Read The Dawning of the Day Online
Authors: Elisabeth Ogilvie
“Sweep us to where?” Kathie asked coldly. The smallest Percy began to cry. Philippa, still holding Daniel in one arm, reached down to the child's tense bony shoulder. “Look, Frances, they're coming for us in dories. I didn't expect a boat ride this morning, did you?” The younger children moved eagerly; only Frances Percy was frightened. Philippa said, “No school this afternoon, I guess. We'll have our party Monday, even if Halloween's gone by. Come on, everybody, let's get our things on.” She handed Daniel to Rue and tapped Ralph's back. He came reluctantly from the window.
“You started the stampede, Ralph,” she said briskly. “Now you can tell your little sister there's nothing to be afraid of.”
Ralph glared at Frances. “Gorry, if you ain't the
biggest
bawl baby I ever see!” Frances butted him in his solid middle without a word.
The fright was over. They became busy with boots and jackets. A pleasant air of emergency pervaded the schoolroom. Almost everyone knew there was no real danger, but they could happily imagine that it was a thoroughly perilous situation.
“Jeeley, we don't get out tonight,” Ralph mourned. “What a Halloween!”
“I been saving a swell trick on Gregg,” Rob Salminen said. “Wish I'd done it before instead of saving it for tonight.”
Clare Percy burst out, “I hate this island! I wish we'd stayed in Limerock! My father does too!
He
don't think it's so wonderful to be a fisherman!”
“Aw, shut up,” said Ralph.
There was a dory coming fast over the rippling silver water. “Cheer up, Clare,” Philippa said. “After all, this is a real adventure.” Everyone crowded out onto the platform in spite of lashing rain and strong gusts; there was no use in trying to keep them inside to await their turn. In the schoolyard the water swirled around the flagpole and lapped at the steps. Out in the marsh, where dead grass should have been, a sheet of water spread a blurring mirror to the sky. Nils Sorensen's white lap-streak dory slid by a cluster of spruces and half-drowned wild rosebushes.
Behind Philippa there was a cry and a splash. She turned, still holding Daniel by the hand, and saw Kathie and Ralph down on their knees at the end of the platform hauling Faith up from the water. She was not crying, but she was drenched and shuddering violently. Her eyes seemed abnormally wide and black. Her old beret had gone and her pale hair was plastered, dripping, to her narrow skull.
Rue was already taking off her own skimpy coat, but Philippa stopped her. She wrapped her raincoat around Faith, and Kathie, not speaking, contributed her wool kerchief for the wet head. Philippa tied it under Faith's chin and looked fixedly into the child's face.
“What happened, Faith?”
Faith's teeth chattered in a new crescendo of chill; she didn't answer. Philippa looked around at the rest of them through the whip and bluster of rain. Their blankness infuriated her.
“What happened?”âshe asked it of them all. After a moment Kathie said, “I guess she wasn't looking and stepped off the edge.”

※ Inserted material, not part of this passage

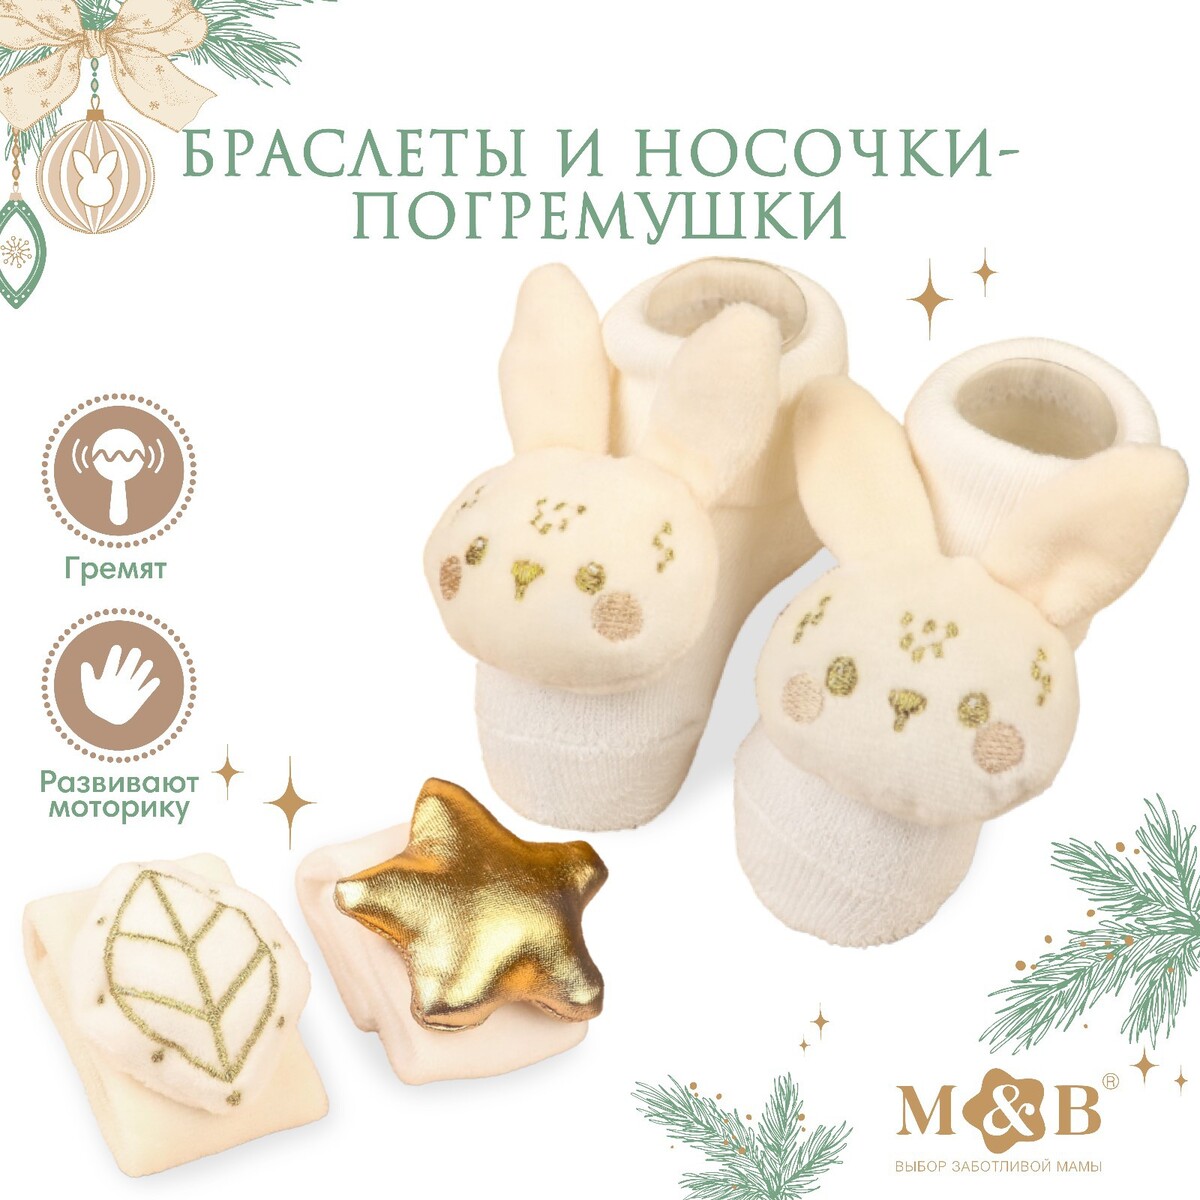 Подарочный набор новогодний: браслетики - погремушки и носочки - погремушки на ножки

In the circle of Philippa's arm, Faith was shaken by fierce tremors. She had been tripped or pushed; it was as obvious as if she had cried it out. But no one would tell Philippa anything; she belonged in another world, an adult world, a mainland world. If Peggy had done it, Kathie might catch her later and twist her arm, as Perley had once done to Kathie, but Philippa would not know of it. If Peggy hadn't done it, who had? She looked once more at the ring of entranced wet faces and was relieved to see the dory slide alongside the steps. Nothing was solved; it was merely postponed.
“Faith will go in the first dory,” she said. She handed the children down the steps to Nils, who lifted them in; most of them were sea-bred, they sat without moving where he placed them. “We had an accident,” she said to him when it was Faith's turn.
He smiled at the child and said in his slow, even voice, “So you went for a swim, did you, Faith?”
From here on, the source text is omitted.